İkinci yüzyılımıza da milli iktisat şekil vermeli

Ülke Politikaları Vakfı (ÜPV), ikinci yüzyıla girerken Türkiye ekonomisine mercek tuttu. Hedefler, strateji ve politikaların belirlendiği bir çalışma hazırlandı. Önceki gün ekonomi müdürleri ve yazarların katılımı ile düzenlenen toplantıda bu çalışmaya ilişkin bilgiler aktarıldı. Ülke Politikaları Vakfı Başkanı İsmail Doğan Subaşı, toplantıda yaptığımız sohbette devletin yetkin ve saygın olması gerektiğini vurguladı. Rapor Prof. Dr. Ümit İzmen tarafından kaleme alındı ve Prof. Dr. Haluk Levent ve Prof. Dr. Öner Günçavdı da katkı sundu. Çalışmada ayrı ayrı başlıklarda birçok politika önerisi sunuluyor. Bunun yanında Başkan Subaşı, hemen her alanda planlamanın olmazsa olmaz olduğunu sohbette dile getirdi. Yani serbest piyasanın her şeyi belirlediği değil kamunun planlaması ile yol alan bir ekonomik model şart.

SICAK PARAYA KAPI AÇILMAMALI

Çalışmada yüksek enflasyondan yüksek teknoloji ihracatının düşüklüğüne, konut fiyatlarının yüksekliğinden işgücünde vasıf uyumsuzluğuna kadar 20 başlıca sorun tespit edildikten sonra önümüzdeki on yıla ilişkin makro dengeler anlamında altı temel hedef belirlendi. Bu hedefler içinde “cari açığı yüzde 5'in altına düşürmek ve ortadan kaldırmak, enflasyonu yüzde 5'e indirmek” halihazırda hükümetin de gündeminde yer alıyor. Halihazırda baktığımızda enerji fiyatlarındaki yüksek seviyeler olmasa ülkenin zaten yüksek cari açık gibi bir sorunu bulunmuyor. Çalışmada “cari açığın finansmanının kolaylaştırılması için bir yandan para politikası yurt dışından sermaye girişini mümkün kılacak bir çizgiye oturtulmalı...” deniyor. Bu öneri sıcak paraya kapı açmak demek. Dünyada sermaye akımlarının belirsiz ve son derece spekülatif hareket ettiği, zaman zaman siyasi gelişmeler yüzünden ülkeleri cezalandırırcasına sert çıkışlar sergilediği dönemler yaşadık. Bu bilindiği halde ülkenin ulusal para politikasını merkez kapitalist ülkelerin para politikalarına uyumlulaştırarak sermaye çekilmesini önermek Derviş-Babacan dönemi ekonomi politikalarını akla getiriyor.
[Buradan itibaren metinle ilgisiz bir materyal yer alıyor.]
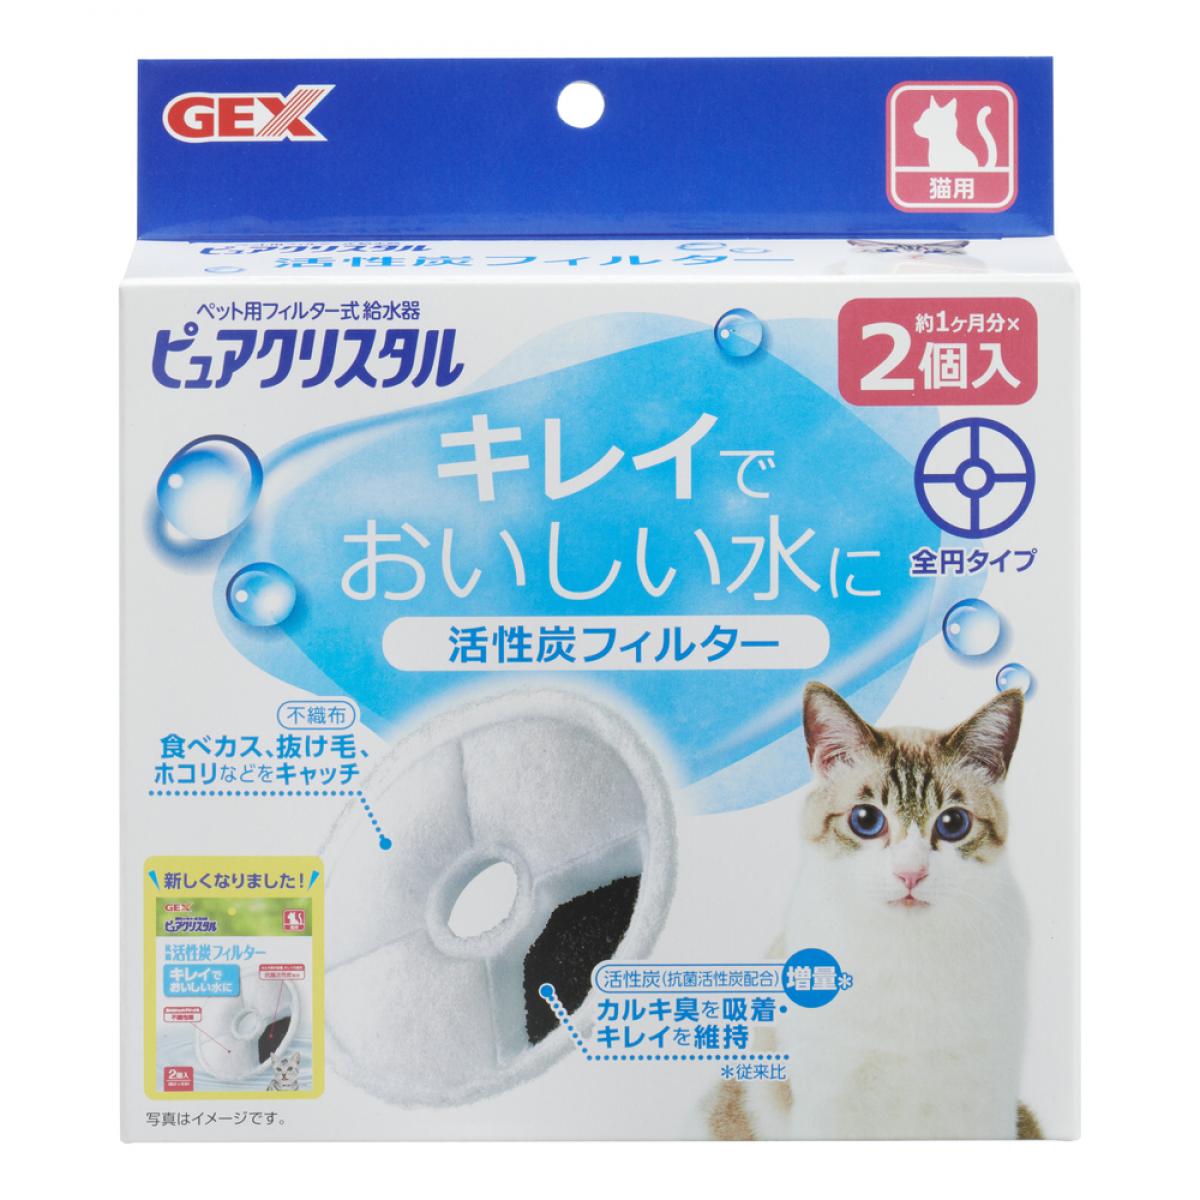 GEX ピュアクリスタル 活性炭フィルター 全円 猫用 2個入 給水器 交換用フィルター ねこ ネコ

YEŞİL DÖNÜŞÜM DESTEKLENMELİ

Çalışmada Türkiye'nin dünya üretiminden ve ticaretinden aldığı payı artırabilmesinin, dijitalleşme sürecinde takipçi olarak değil sürecin yükseliş dönemini zamanında yakalayan bir aktör olarak yer alması ve yeşil dönüşüme zamanında dahil olması gerektiği vurgulandı. Gerçekten de bugün dünyanın en büyük üreticisi Çin, hem dijitalleşmede hem de Avrupa'nın başını çektiği yeşil dönüşüme uygun adımlar atarken, Avrupa'nın en yakın tedarikçisi olan Türkiye'nin burada geri kalmaması gerekiyor.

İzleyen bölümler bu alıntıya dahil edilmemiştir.